#### [WHAT THE TASK ASKS]
Each line from the one containing "女性用品标志 女性 皇冠 美容 护肤 矢量logo logo logo设计" to the end of the data must be copied exactly, the first and last included; no other lines and no pictures belong in the copy.

#### [COLLECTED DATA]
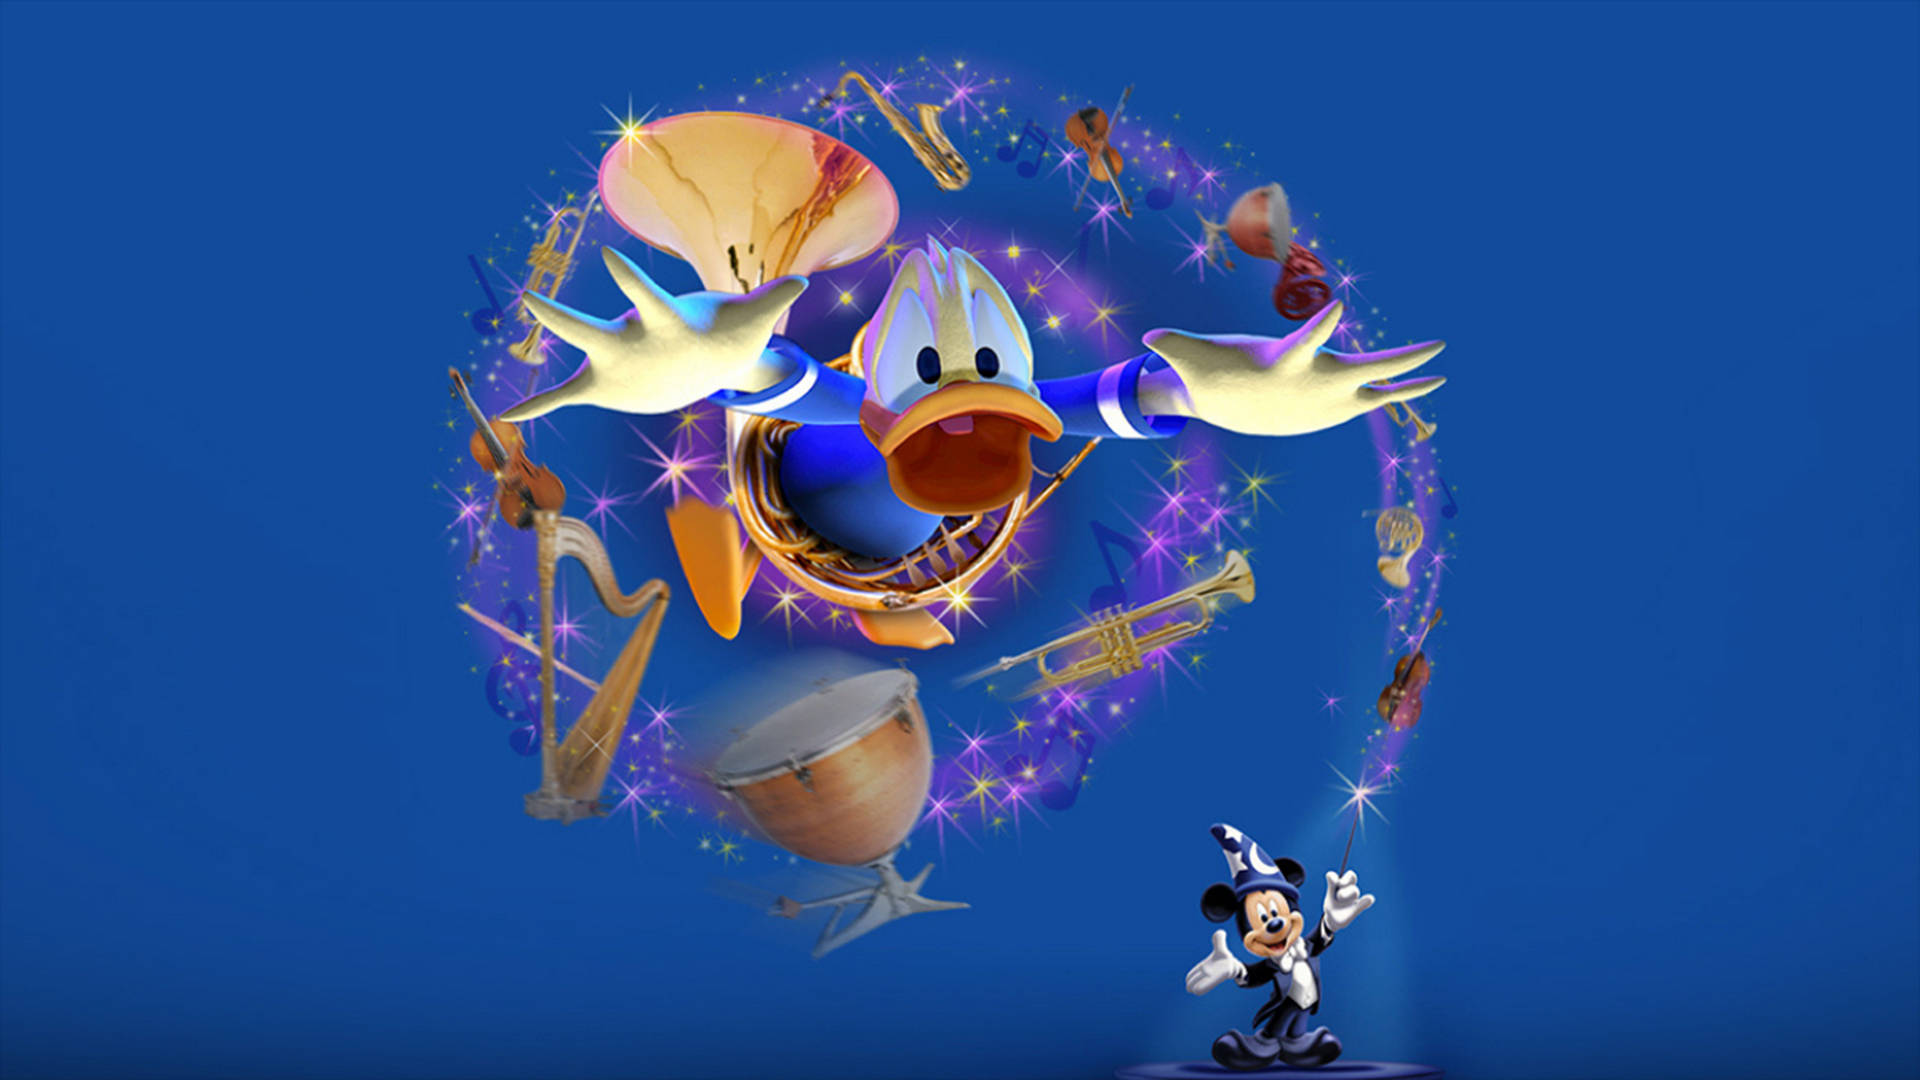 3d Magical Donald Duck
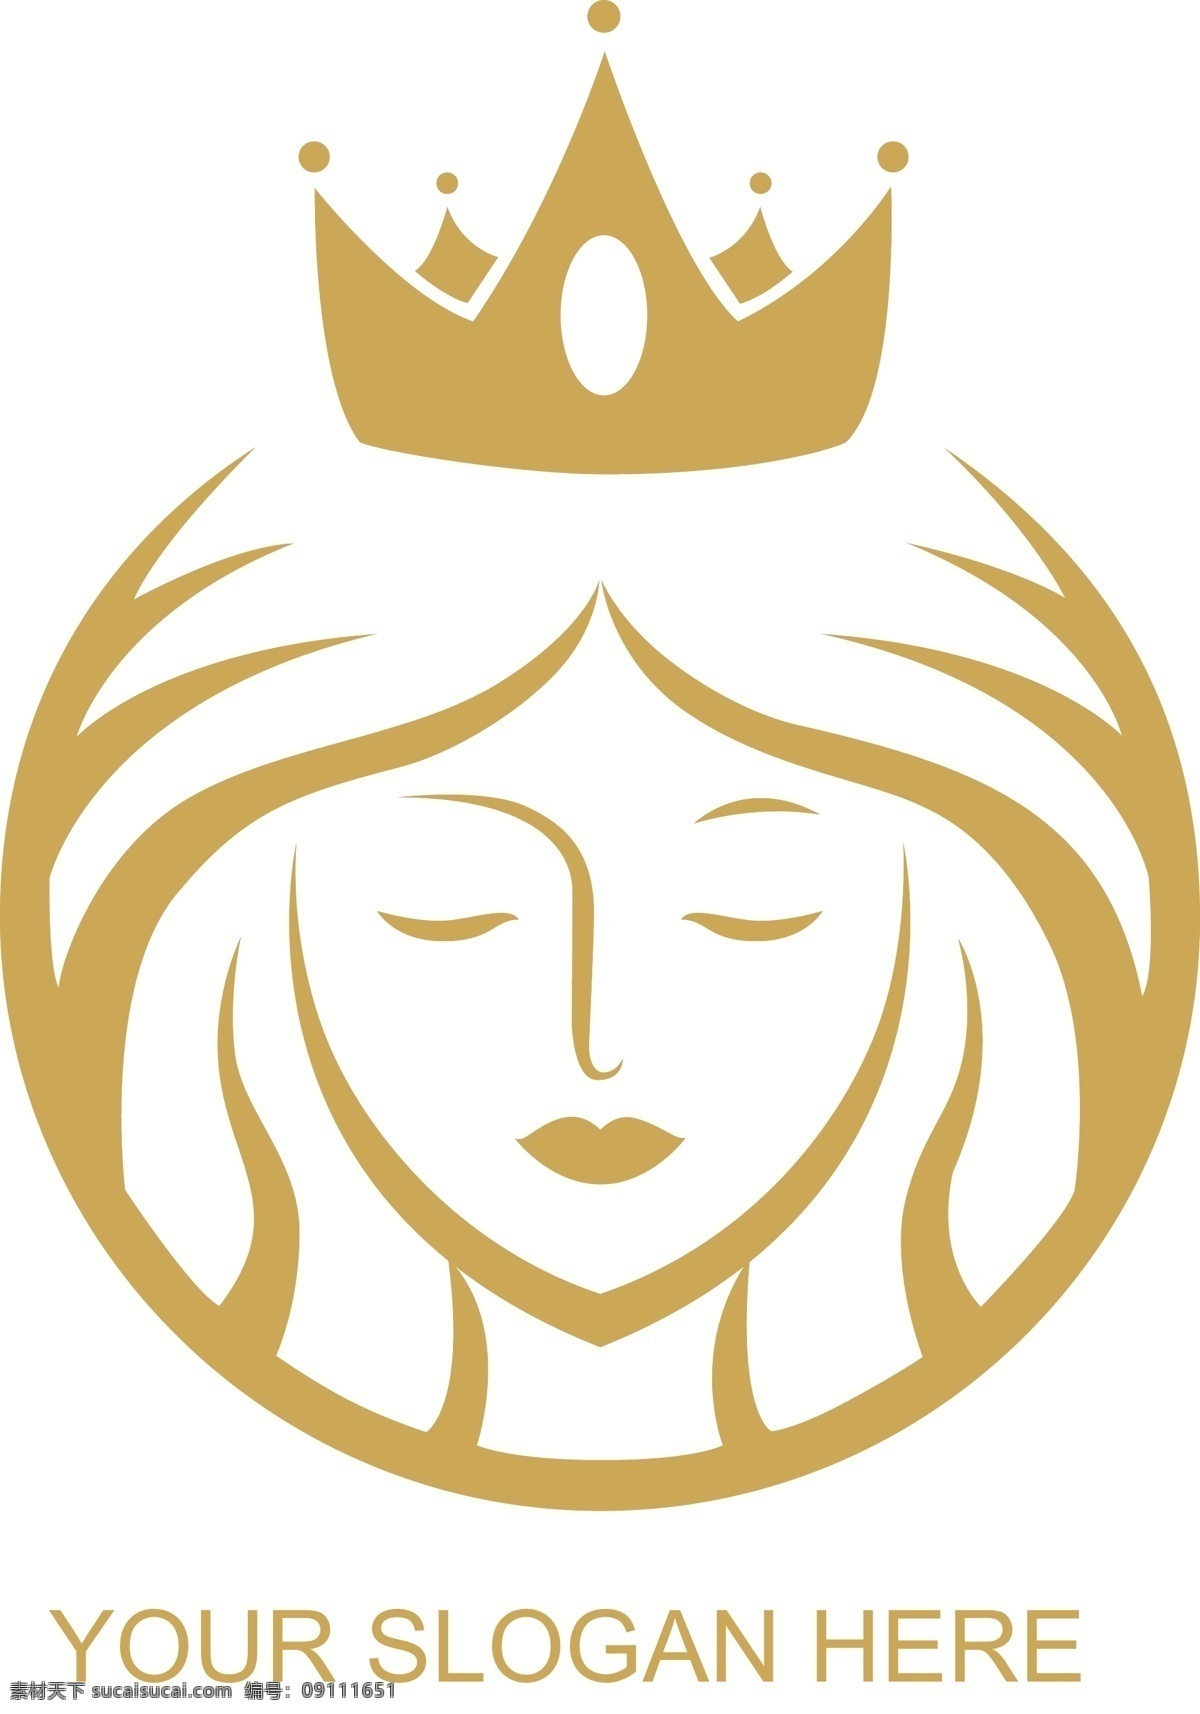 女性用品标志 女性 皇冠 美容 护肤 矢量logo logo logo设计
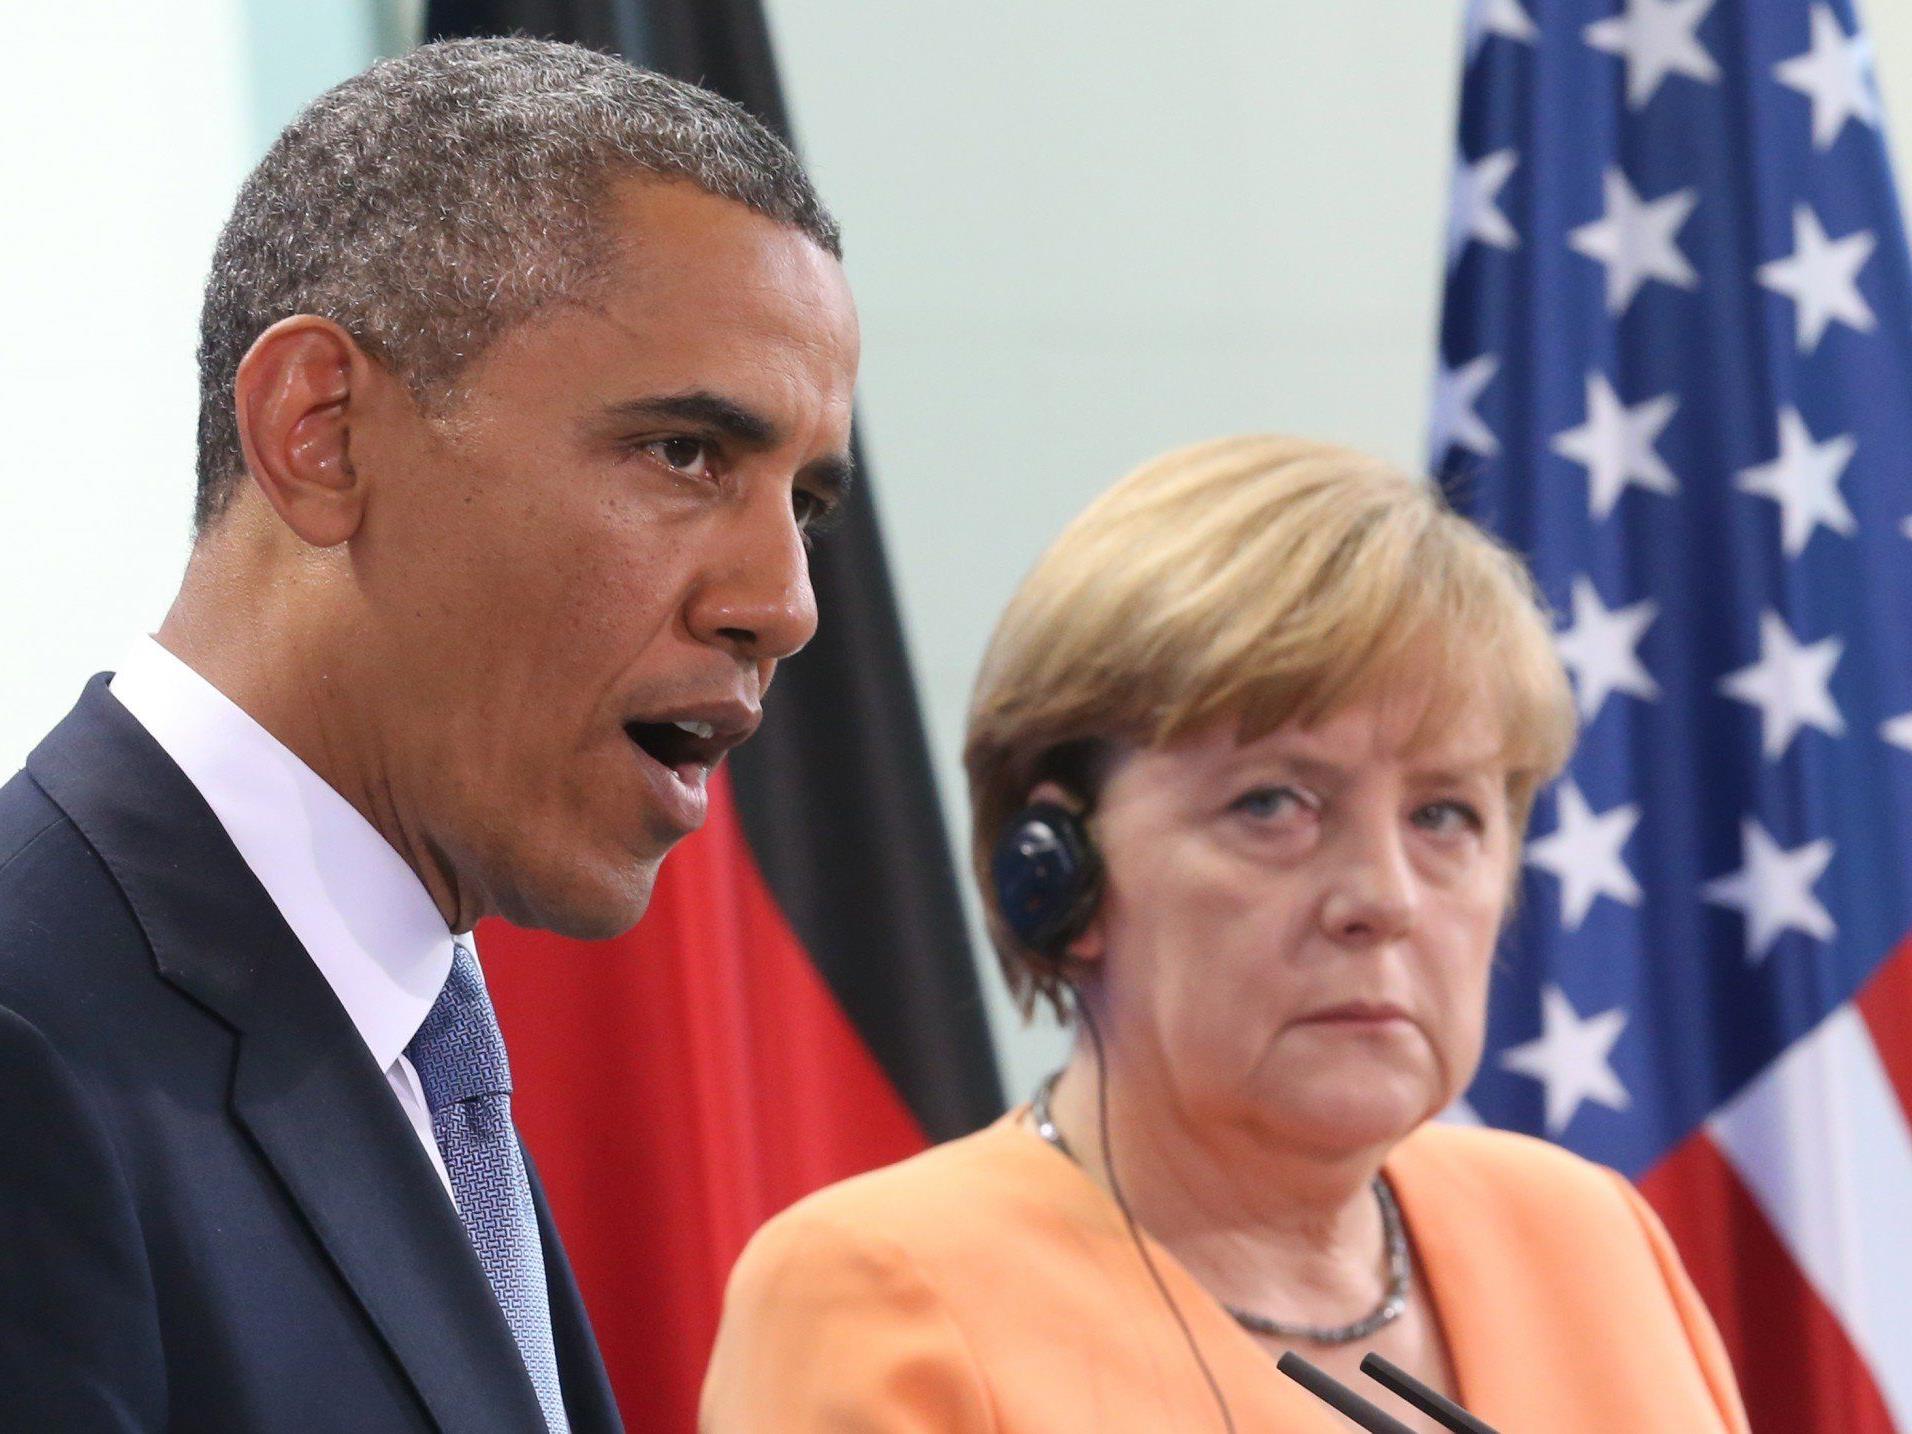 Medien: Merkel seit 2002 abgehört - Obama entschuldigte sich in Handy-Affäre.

#### [SOLUTION FOR THIS EXERCISE]
 女性用品标志 女性 皇冠 美容 护肤 矢量logo logo logo设计
 Medien: Merkel seit 2002 abgehört - Obama entschuldigte sich in Handy-Affäre.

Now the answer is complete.